如果連公司的審計與審核都可以全權交由AI執行,為什麼一篇自白文章卻不行?
孫宇晨的解釋是,提告不只是法律團隊的建議,更是他內心深處的體悟。他認為雙方走到這一步,法律途徑已經是「我們倆之間唯一剩下的聯繫」。這句話說得直白,但也透露出一種荒謬感:一個人要透過訴訟來維持一段關係的存在感,這到底是理性還是感性?
根據公開資料,孫宇晨2017年創立波場(Tron)並融資約7000萬美元,2025年7月波場借殼登陸納斯達克,全球用戶突破3.9億。他本人於2025年登上《富比士》封面。但這些成就,在他處理私人情感時顯然沒有太多幫助——資本市場的遊戲規則,搬到人際關係裡完全不適用。
原因剖析:為什麼一個千億富豪會為1.3億走法律途徑?
首先,要釐清一個數字概念:1.3億新台幣對一般人來說是天價,但對孫宇晨而言,大約只占其身價的萬分之四點八。換句話說,這筆錢的「經濟意義」極其有限,真正驅動他採取行動的,絕對不是財務考量。
其次,孫宇晨的背景提供了一個理解框架。他過去憑藉作文大賽獎項逆襲考入北京大學歷史系,後赴美取得賓夕法尼亞大學法律碩士。換句話說,他是一個受過嚴格文字訓練與法律訓練的人。六千字長文、民事訴訟——這兩種手段,都是他「最擅長」的工具。
再者,他對AI的「無條件信任」在這裡出現了裂縫。AI可以優化交易策略、可以審計財務報表,但當問題涉及情感、回憶、與人際邊界時,AI給出的建議很可能過於「正確」而缺乏「人性」。孫宇晨選擇不採納Claude的建議,或許正是因為他意識到:有些事情,不能只靠正確來解決。
說穿了,這不是錢的問題,也不是法律的問題,而是一個習慣掌控全局的人,第一次發現自己無法用既有工具來處理某件事。
影響評估:從娛樂新聞到AI時代的人性縮影
這起事件之所以值得關注,不在於誰對誰錯,而在於它提供了一個極其罕見的切片:一個站在科技最前沿的人,如何在私人領域裡顯露出最傳統的一面。
孫宇晨的波場全球用戶突破3.9億,他的公司每天運作高度依賴AI。但面對一段「纏繞多年的情感糾葛」,他選擇的不是用區塊鏈來「解決」什麼,而是用最古典的方式——文字與訴訟——來「處理」什麼。這種反差,恰好說明了科技與人性的界線在哪裡。

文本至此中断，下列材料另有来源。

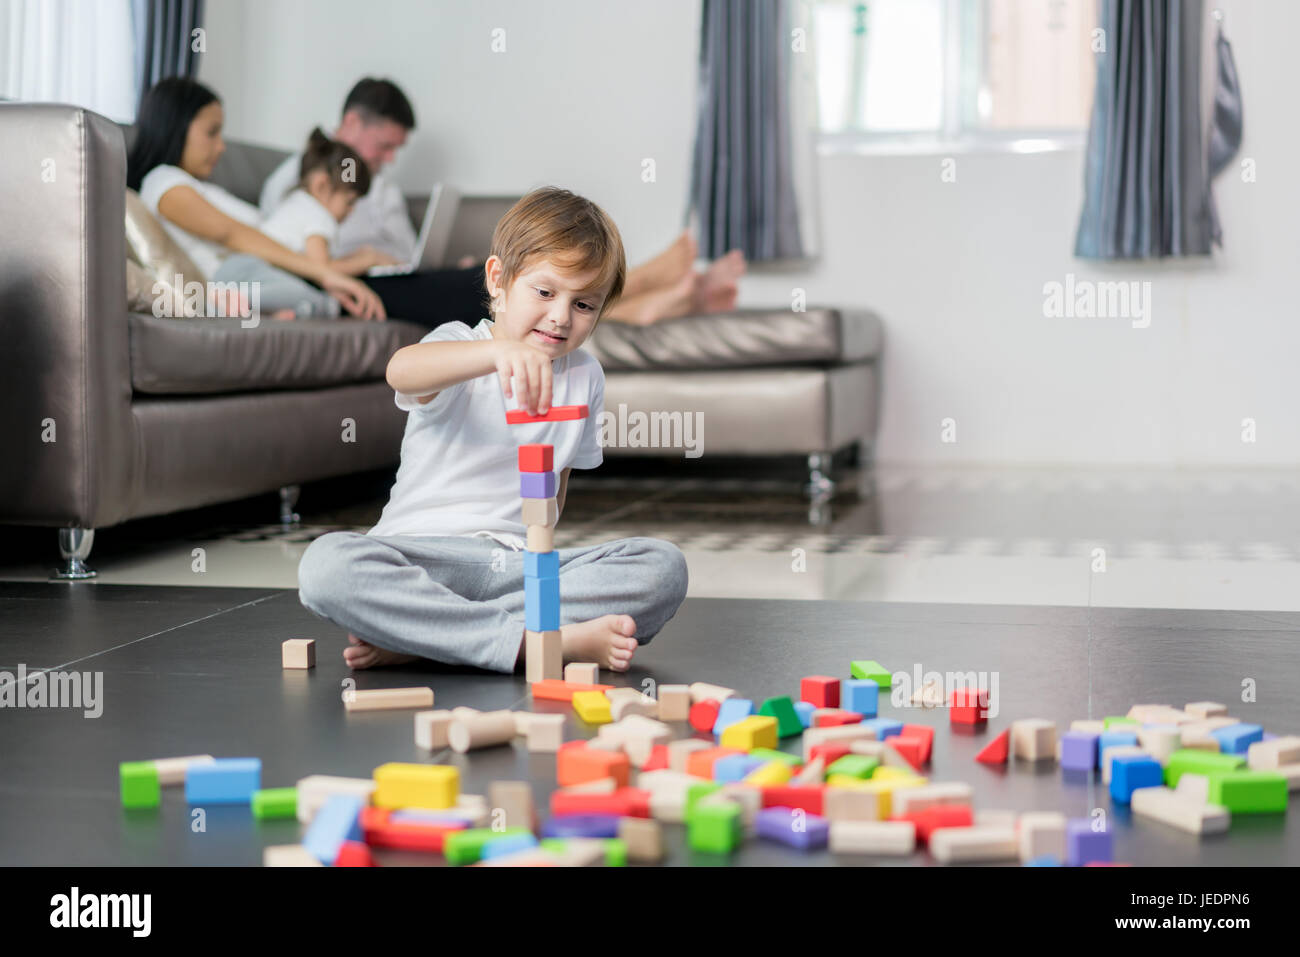 Asiatische junge Holz Spielzeug im Wohnzimmer mit Vater, Mutter und Tochter im Hintergrund zu spielen. Glückliche Familie. Stockfoto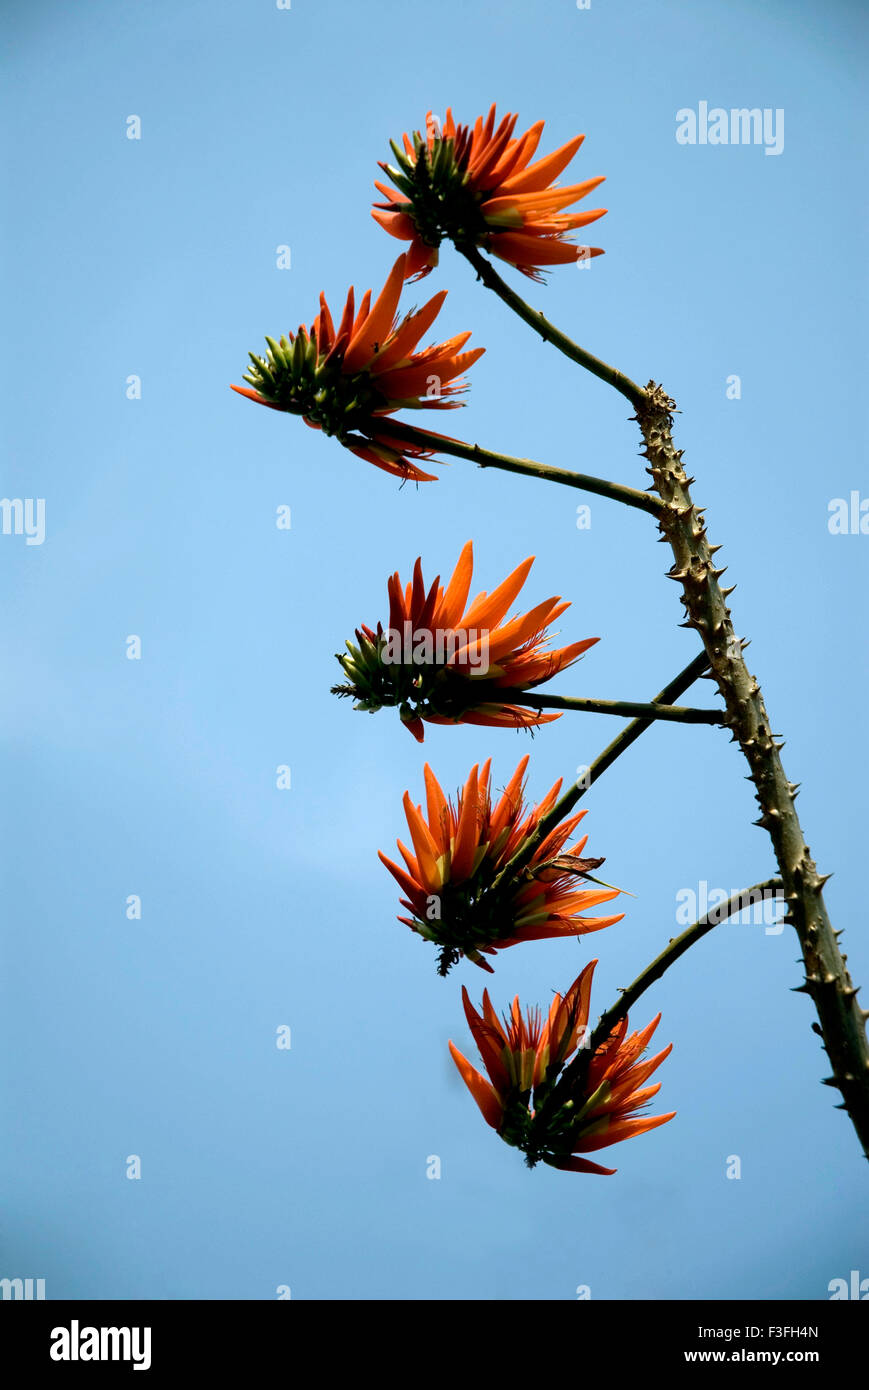 Indian coral tree pangara ; Latin name Erythrina indica Stock Photo

從產業面來看,孫宇晨的案例揭示了一個更深層的趨勢:當AI越來越深入決策核心時,人類反而會在某些領域更加強調「非理性」的選擇。這不是退步,而是一種補償機制。我們可以預見,未來會有更多科技精英在私人領域做出「不優化」的決定——因為那是他們唯一還能感受到「自己活著」的場域。
對一般人來說,這個故事或許遙遠,但它的核心命題並不陌生:當你的工作越來越依賴工具,你的私人關係反而會變得越來越「手動」。這不是孫宇晨一個人的困境,而是整個世代的集體經驗。
換個角度想,如果連AI都無法幫你處理好一段關係的結束,那或許代表某些事情本來就不該被「處理」,而只能被「經歷」。
趨勢預測:法律戰將成為名人情感糾紛的「新常態」?
孫宇晨的事件不會是個案。隨著名人資產結構越來越複雜、跨國連結越來越頻繁,法律途徑將不再是「最後手段」,而可能成為「唯一可操作的手段」。尤其當雙方缺乏共同社交圈、缺乏第三方調解管道時,訴訟就是剩下還能「聯繫」的方式。
值得觀察的是,孫宇晨在訪談中將發文視為「自我求解的過程」。這意味著,對他來說,這篇六千字長文的功能不在於說服讀者,而在於說服自己。公開書寫正在成為一種新型態的心理諮商——尤其在缺乏隱私的名人生活中,把話說出來,有時候比說給誰聽更重要。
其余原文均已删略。